The Rock Doc: Studying magma may shed light on eruptions
I was living in Eastern Washington in May 1980 when Mount St. Helens erupted after a massive landslide triggered by a magnitude-5.1 earthquake.
Vast amounts of molten rock were violently released to the surface, erupting as rocks and fine-grained volcanic ash that floated on the breeze. Those of us downwind were enveloped in conditions as dark as night until the ash finally fell to the ground.
A number of other volcanoes in the Cascade mountains pose similar potential hazards. One of the most beautiful is Oregon’s Mount Hood. Two researchers recently published results from their study of Mount Hood in the journal Nature.

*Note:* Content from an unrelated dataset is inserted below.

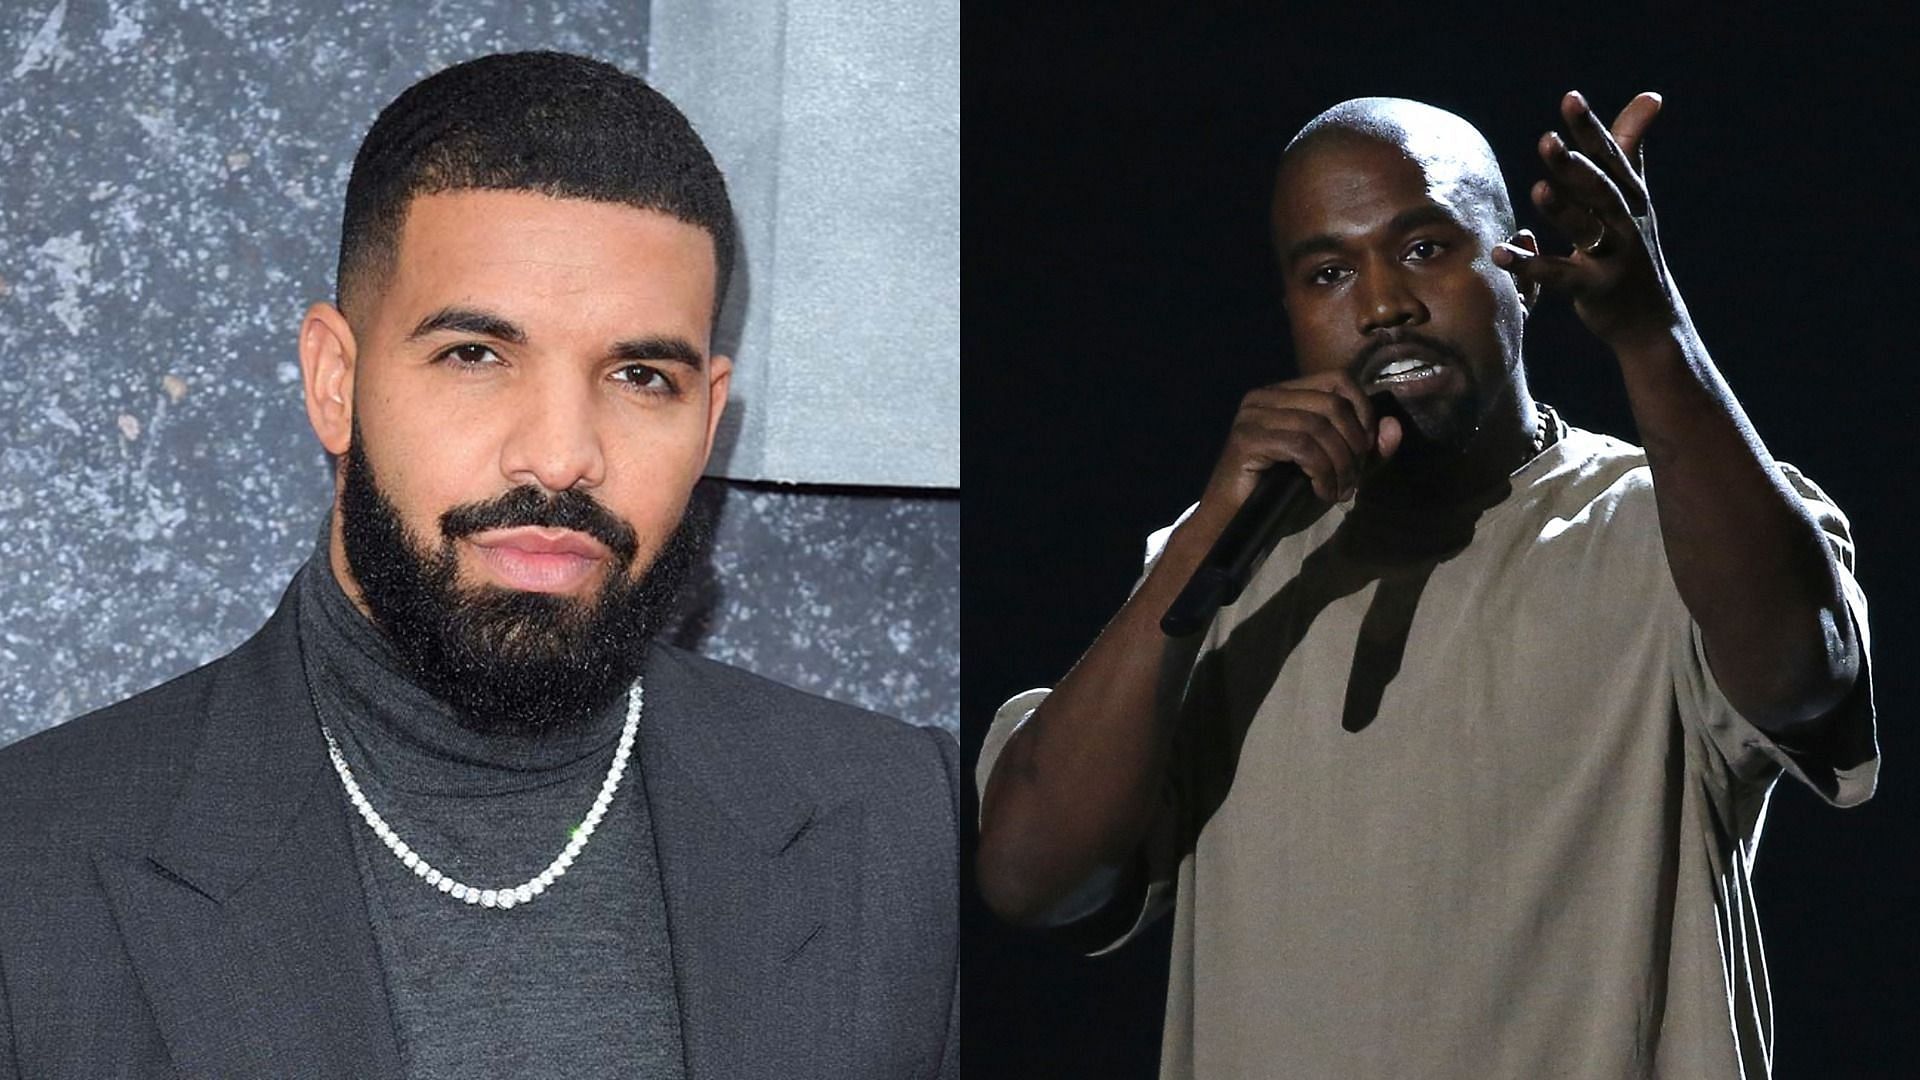 Drake and Kanye&#039;s beef began back in 2010 (Image via Getty Images)

Molten rock underground is called magma. The Nature article by Kari Cooper and Adam Kent explains that there are components of magma under volcanoes that are stored stably deep within the crust for long periods of time – perhaps hundreds of thousands of years. An important question is how and when this stable magma can become mobilized and move upward to start the events that lead to an eruption.
When magma is within the Earth, it can cool a bit. It’s still very hot by human standards, but this cooler magma is stiff and resists movement – geologists say it has high “viscosity.” (Honey stored in your fridge has high viscosity, while honey kept on the counter at room temperature has much lower viscosity.)
The study by Cooper and Kent shows that magma underneath Mount Hood spends most of its lifetime in this stable, viscous state. However, viscosity can also change in a surprisingly short period of time – perhaps in as little as a couple of months – when hotter magma from below is injected into the cooler material.
The researchers argue that’s exactly what happened in Mount Hood’s last two eruptions, those occurring 220 and 1,500 years ago.
The good news for Oregonians is that Mount Hood’s eruptions tend not to be as dramatic as the 1980 event at Mount St. Helens. At Mount Hood, magma tends to ooze out of the volcano rather than blasting its way up and generating tons of volcanic ash.
The researchers were able to do their work at Mount Hood by looking at the rocks formed by past eruptions. They could date the age of the crystals within those rocks using radioactive decay. But the growth of mineral crystals in magma is partially determined by the temperature of the magma (cooler magma leads to slower crystal growth).
Looking at both the mineral crystals’ ages and their growth rates gave the researchers what they needed to estimate the temperature threshold needed for making the magma mobile enough to cause an eruption.
“And what’s encouraging is that modern technology might be able to detect when the magma is beginning to liquefy or mobilize,” Kent emailed me, “and give us warning of a potential eruption.”
We all want to be able to better predict when a volcano will blow its top. This recent work is another step toward that goal.